Could you transcribe all of the data exactly and skip any pictures?

── STORED DATA

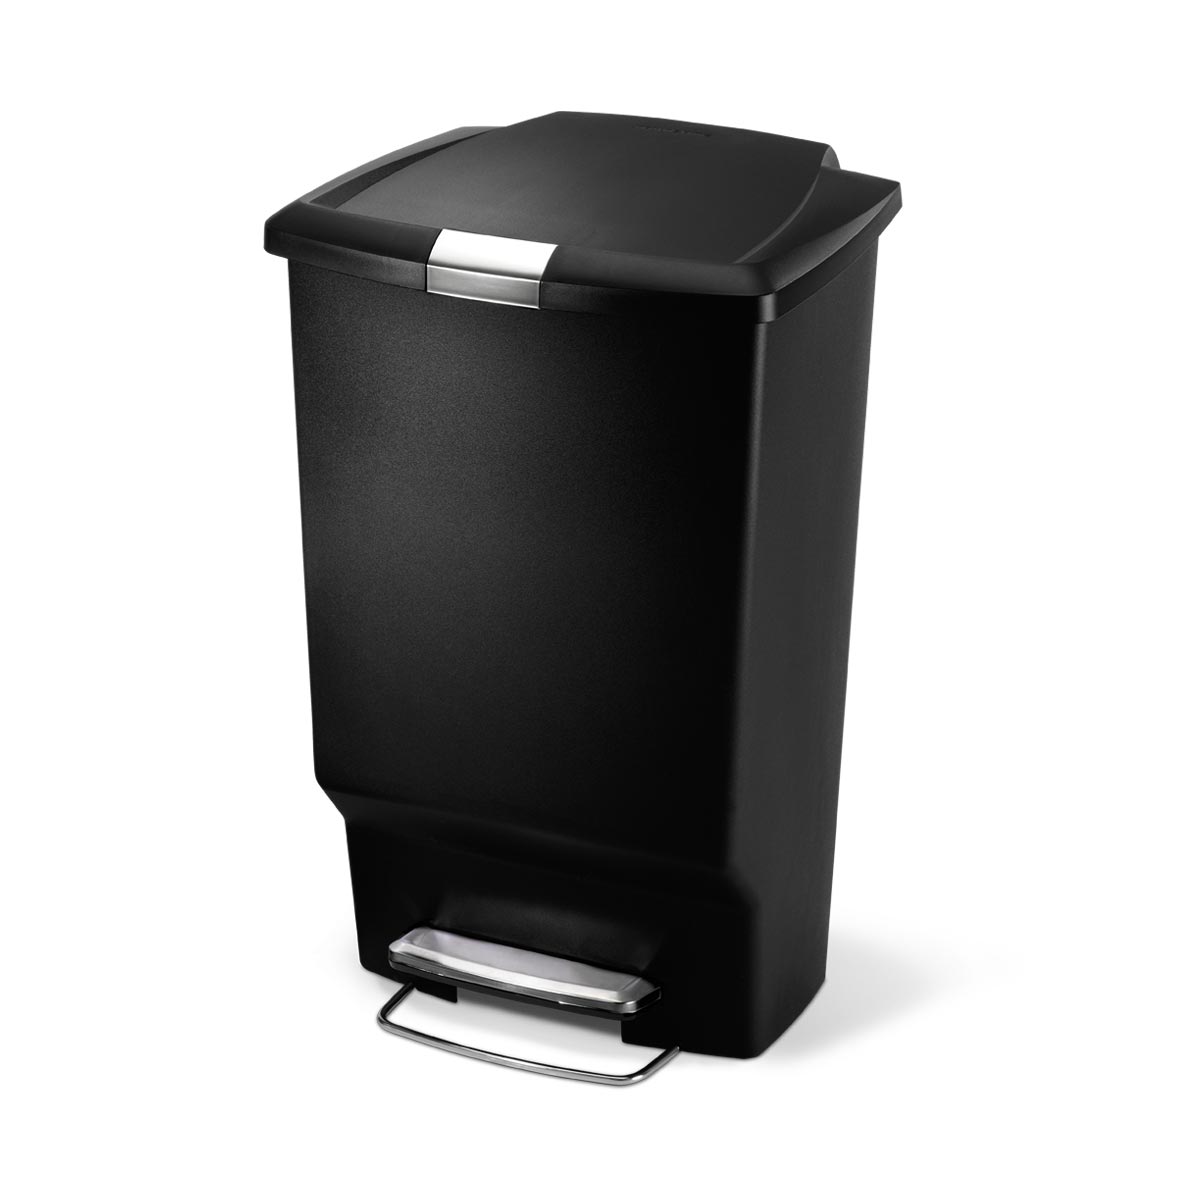 simplehuman 45 litre rectangular pedal bin, black plastic
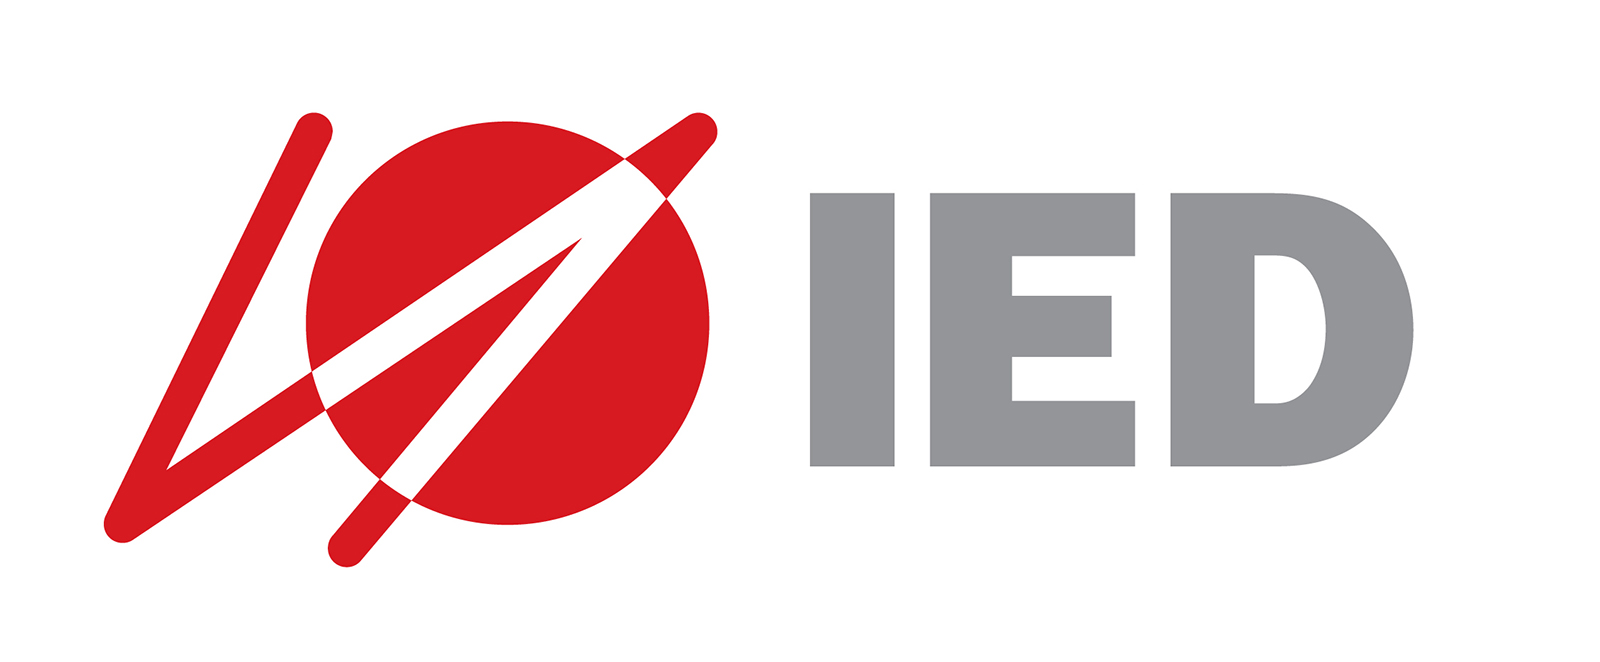 Ied- Istituto Europeo di Design
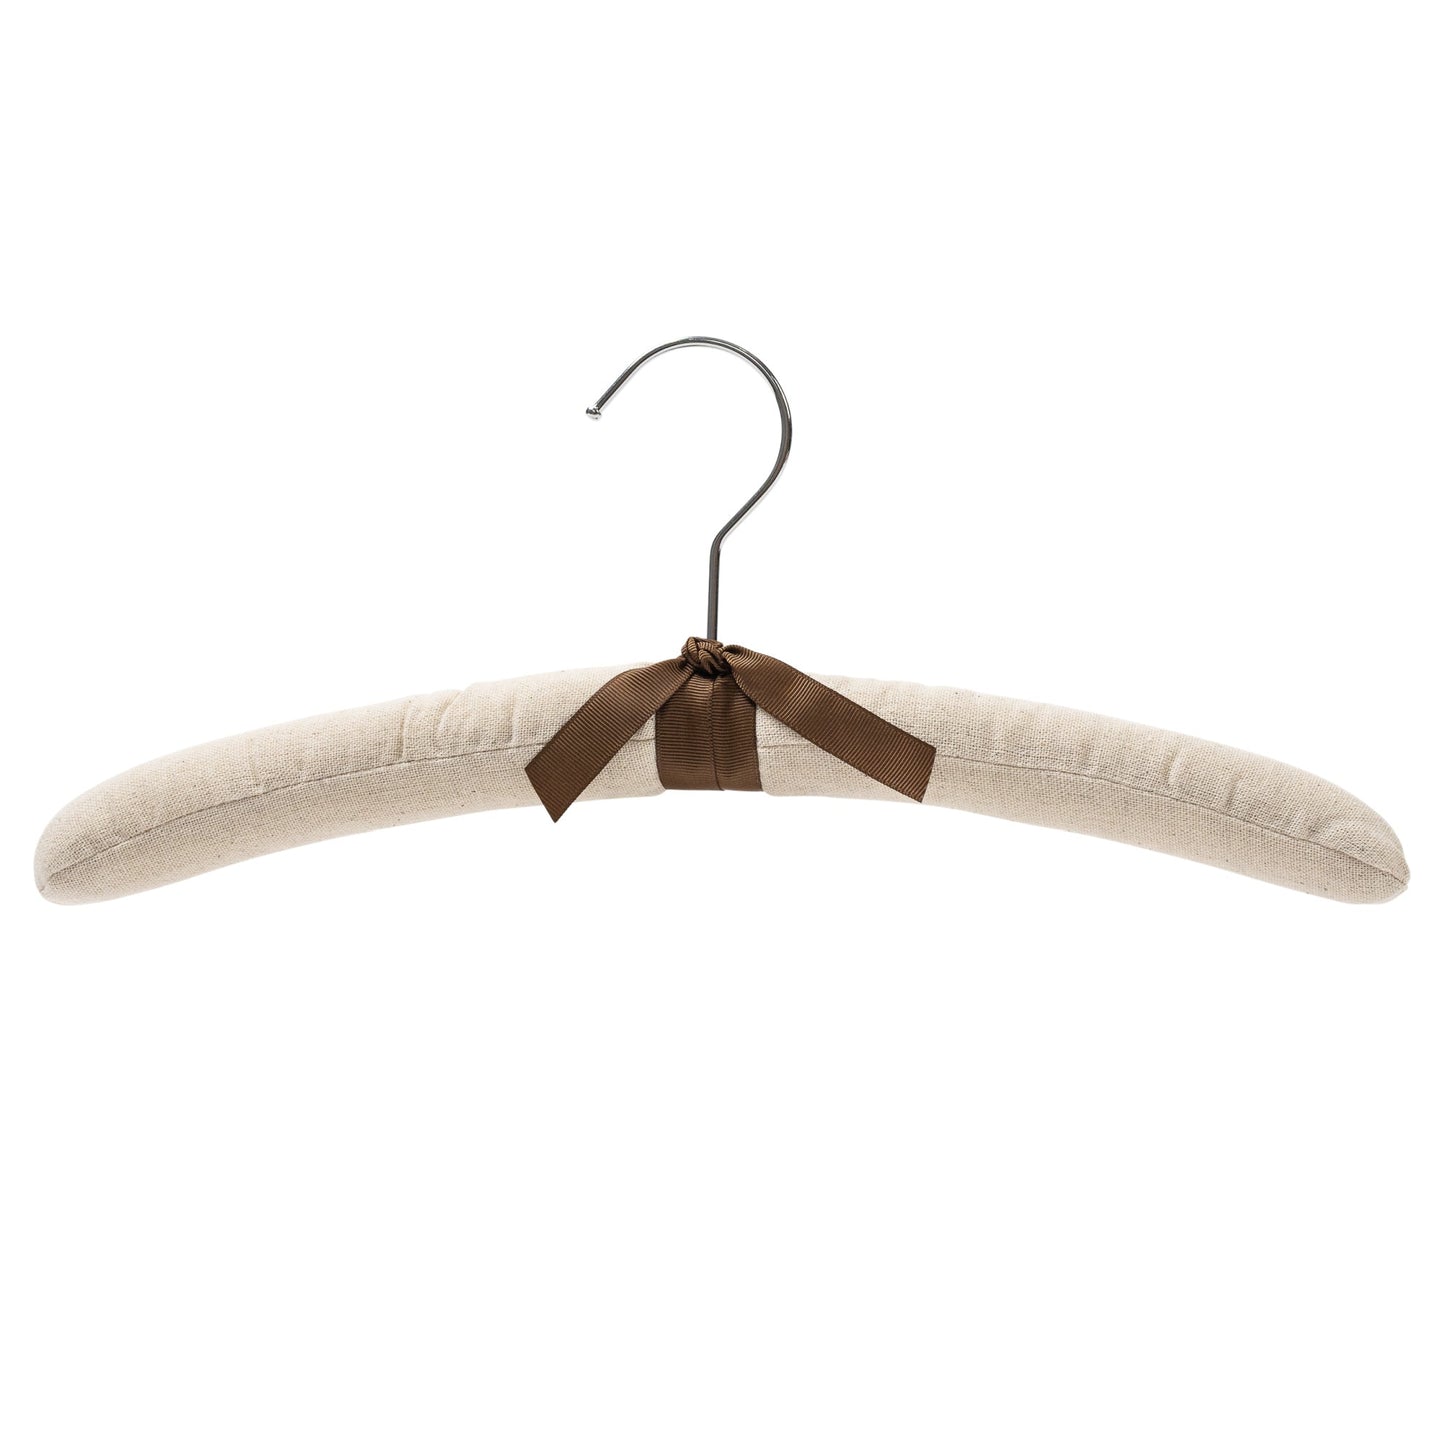 38cm Linen Padded Coat Hanger with Chrome Hook-Sold in Bundle of 10/25/50 - Rackshop Australia

────

• TASK OUTPUT
 simplehuman 45 litre rectangular pedal bin, black plastic
 Ied- Istituto Europeo di Design
 38cm Linen Padded Coat Hanger with Chrome Hook-Sold in Bundle of 10/25/50 - Rackshop Australia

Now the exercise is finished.